A measurement-while drilling (MWD) tool is used on all pilot holes drilled by Saga. Evaluating the MWD information relative to the drilling data (penetration rates, gas readings, cuttings) permits determination of the correct mud weight for flow checking against seawater column.

Prior to disconnecting the riser, the hydrostatic head in the well bore must exceed the hydrostatic head that was present during the initial flow check.

The procedure is as follows:

Close the SBD annular preventer on the drill pipe, keeping the bit close to bottom.
Open the 8-in. vent valve and allow the fluid level in the drill pipe to equalize with the seawater hydrostatic head.
Observe the well for flow for 30 min by monitoring the open vent valve with subsea television.
If the well is stable, close the vent valve and open the annular preventer. Circulate bottoms up and monitor for possible increased gas concentration in the mud.
If no indications of instability are observed, pull the drillstring out and open the hole to 26 in. using an hydraulic underreamer.
If flow is observed, close the vent valve and open the annular preventer. The well bore is immediately exposed to the full hydrostatic head of the mud column in the riser. Heavier mud can be circulated into the well and the flow check procedure repeated.

In the event of diverting subsea, the hazards surrounding the rig could be severe if the gas plume is close to the rig. Depending on the force and direction (velocities) of the wind and current, it may become necessary to move the rig off location.

In that event, a disconnect with either venting or shut-in can be executed by one of these alternatives:

Disconnect the upper hydraulic latch and leave the SBD with open vent valve on the 30-in. housing and winch the rig off location using the anchor windlasses.
Disconnect the lower latch from the 30-in. housing and winch the rig off location.
If disconnect cannot be achieved, close in the well and winch the rig off location.

STACK WITH SHEAR RAM

The West Vanguard shallow gas blowout, offshore Norway in October 1985, inflicted serious fire damage to the rig and cost one life.' The tremendous flow quickly caused erosive cutout of vent piping, and leakage from the telescopic-joint packer was observed. Following this calamity, the operator, Statoil, made the decision to equip the new West Vision semisubmersible with a subsea diverter.

After having run the shallow gas stack on several wells offshore Norway, the West Vision semisubmersible was converted to a production platform and renamed Veslefrikk B. This shallow gas stack has not been used since.

CONTROL ALTERNATIVE

In a dire emergency, when the surface diverter system is overloaded, the subsea diverter stack can provide a swift, decisive control alternative.

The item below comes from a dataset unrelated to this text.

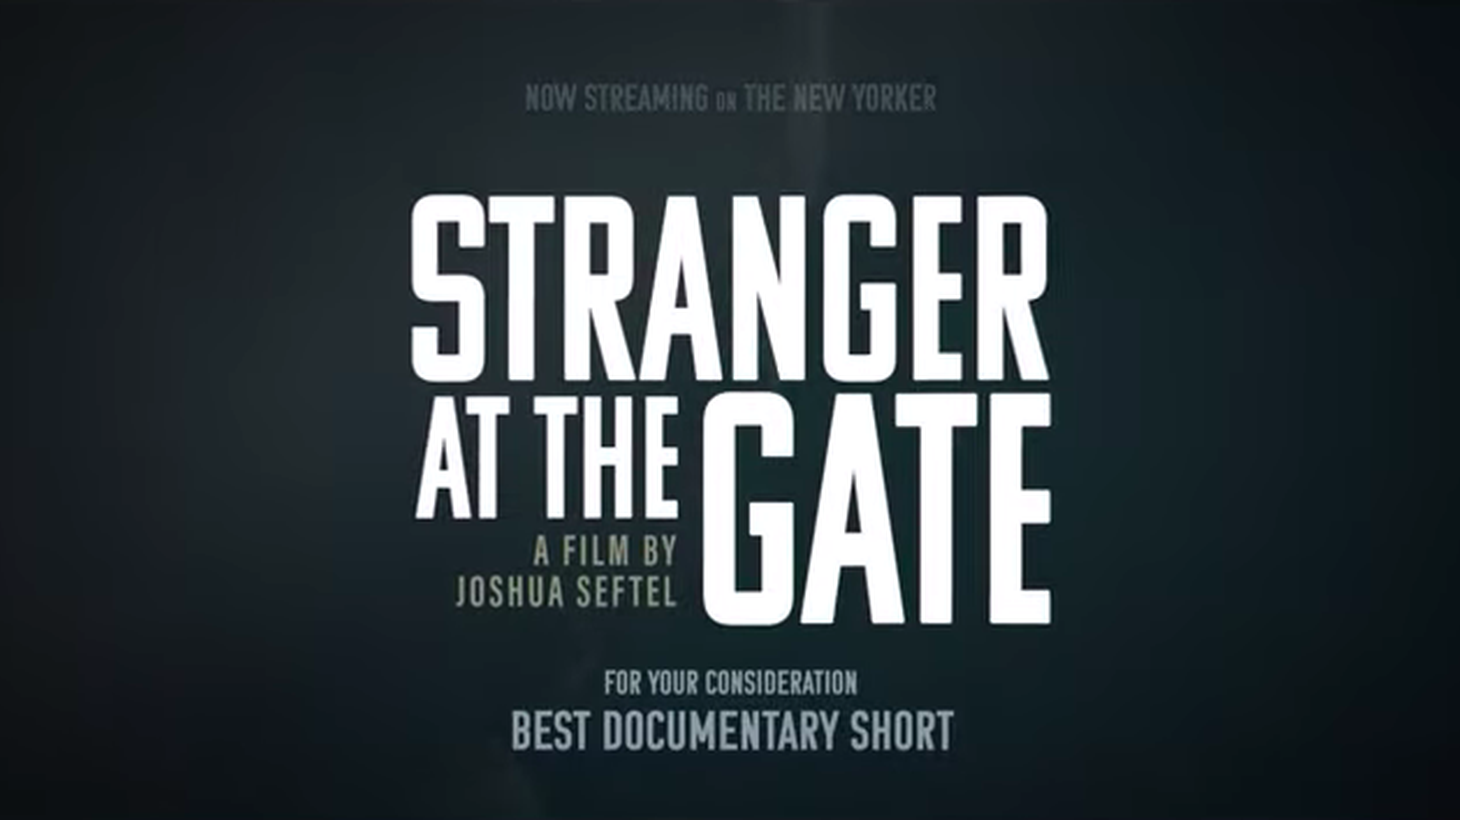 “Stranger at the Gate” focuses on military veteran Mac McKinney, who planned to bomb a mosque but ultimately became the president there and converted to Islam.

Use of a marine riser and subsea diverter stack may be preferred to drilling riserless because of the many extra control options afforded, such as drilling with treated mud, ability to circulate out a kick, or shearing pipe for moving off the hole.

SEDCO 600

Indonesia has been the site of at least two drillship sinking by shallow gas. The Petromar V was lost in 1983, and in October 1988 the Viking Explorer went down.

Following this most recent loss, the operator, Total Indonesia, resolved to employ a subsea diverter stack to help prevent a recurrence. The Sedco 600 semisubmersible will be equipped with the stack pictured in Fig. 5. The closing of the annular BOP is interlocked with the opening of the ball valves.

The Sedco 600 is equipped with emergency windlass release to provide quick abandonment of drilling location.

From bottom to top, the stack consists of:

A 30-in. external latch, 1,000-psi working pressure, hydraulic-actuated with mechanical override.
Ported diverter spool with two each 1,000-psi hydraulic-actuated, double-acting ball valves 12-in. nominal bore.
Shear rams, 21 1/4-in. x 2,000 psi, fitted with shear booster pistons.
Crossover double studded adapter 21 1/4-in., 2,000 psi to 18 3/4-in., 10,000 psi.
Mandrel, 10,000 psi to fit LMRP connector.
Subsea diverter-handling frame with retractable beams to fit Sedco 600 handling system and lower female pod receptacles to provide redundant controls to connector, rams, and vent valves.
Frame complete with guide columns to fit permanent guide base posts.
LMRP from the main BOP stack with hydraulic latch, annualr BOP, flex joint, riser adapter, accumulators, and pods latched to the top of the subsea diverter. The control system to the pods is not significantly changed from the normal BOP control system.

TENSION LEG PLATFORMS

Designers of tension leg platforms for the North Sea and the Gulf of Mexico are planning to use subsea driverters while drilling through the 30-in. marine conductor pipe.

In greater water depths, where TLP's are practical, the rising gas plume has a very high probability of being swept away by currents and, consequently, surfacing away from the platform.

BOTTOM-SUPPORTED RIG

A jack up or platform rig cannot be moved off location while diverting. It must sit in place and take whatever the well dishes out. Hence, the matter of handling shallow gas is the highest priority.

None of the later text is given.